Monday, June 30, 2014

One supposed attribute of the recent agreement between the Massachusetts Attorney General and Partners Healthcare System is a provision "allowing payers to split Partners into separate contracting entities for up to 10 years."

While this is offered as a remedy to PHS' market power, use of this kind of mechanism is by no mean proven.

Indeed, when there was a proposed acquisition by Inova Health Systems of Prince William Hospital in northern Virginia, the Federal Trade Commission along with the Virginia AG challenged the acquisition in May 2008.  Within a few weeks, the parties abandoned the transaction.

In reviewing that case, an economic analysis was later prepared by Gautam Gowrisankaran, Aviv Nevo and Robert Town, “Mergers When Prices Are Negotiated:  Evidence from the Hospital Industry." As noted in the abstract, "remedies based on separate bargaining do not alleviate the price increases" that would have resulted from the merger.

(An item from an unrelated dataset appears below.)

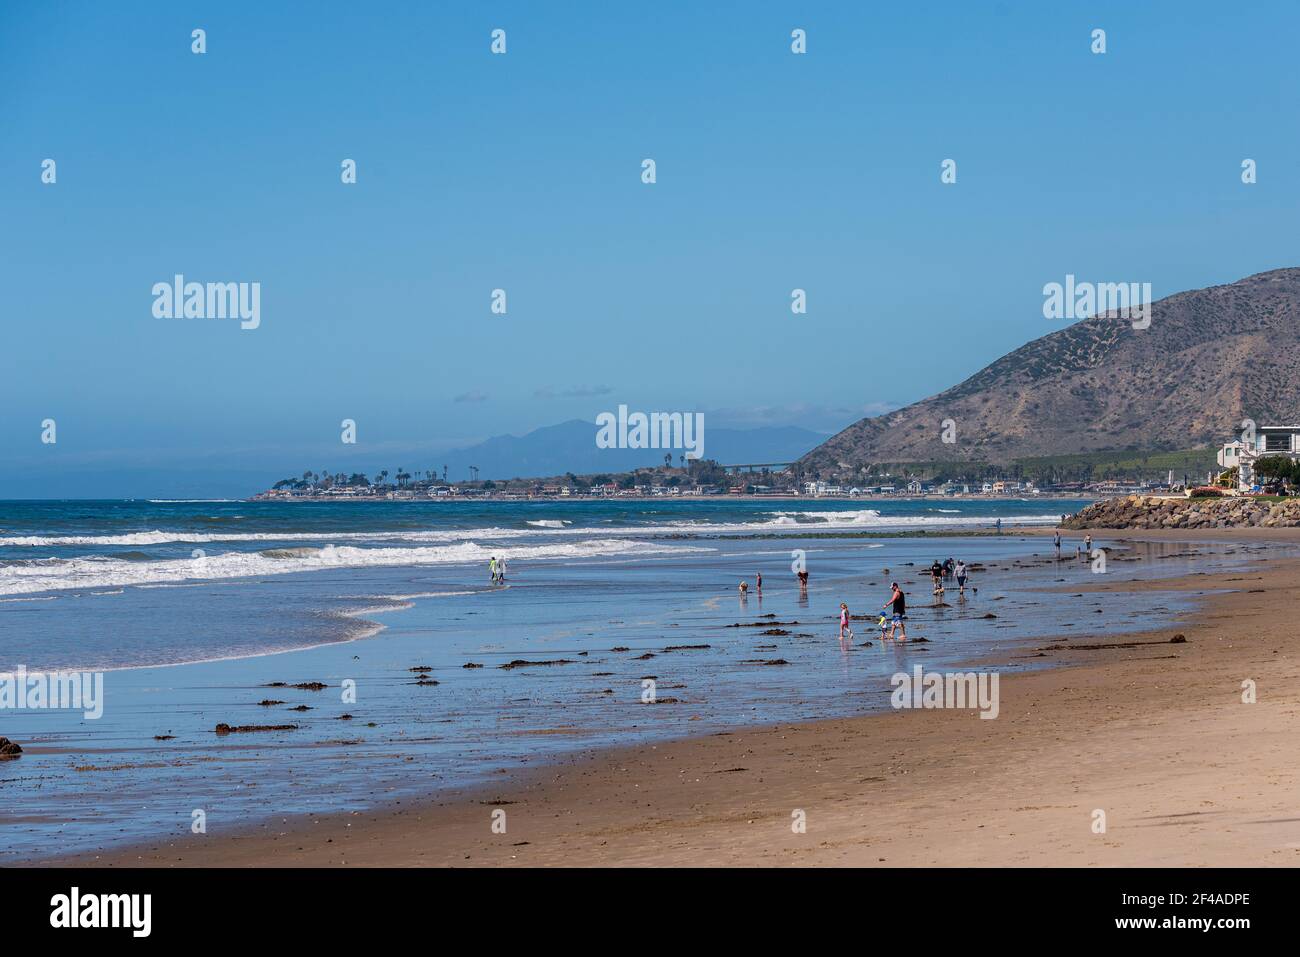 Sandy beach with tourists playing in the ocean, breaking waves and blue skies. Stock Photo

I'm not suggesting the Inova analysis necessarily holds for Massachusetts, but the question must be asked:  Did the Massachusetts Attorney General conduct a rigorous economic analysis in the Partners case, or did she just assume that this separate contracting provision would be meaningful? If the former, where's the analysis?  It should be available for public scrutiny.

By the way, here's the overall conclusion of the paper: "We find that a proposed hospital acquisition in Northern Virginia that was challenged by the Federal Trade Commission would have significantly raised hospital prices."  Where's the similar challenge here?  Why aren't state and federal officials working in concert in the PHS case?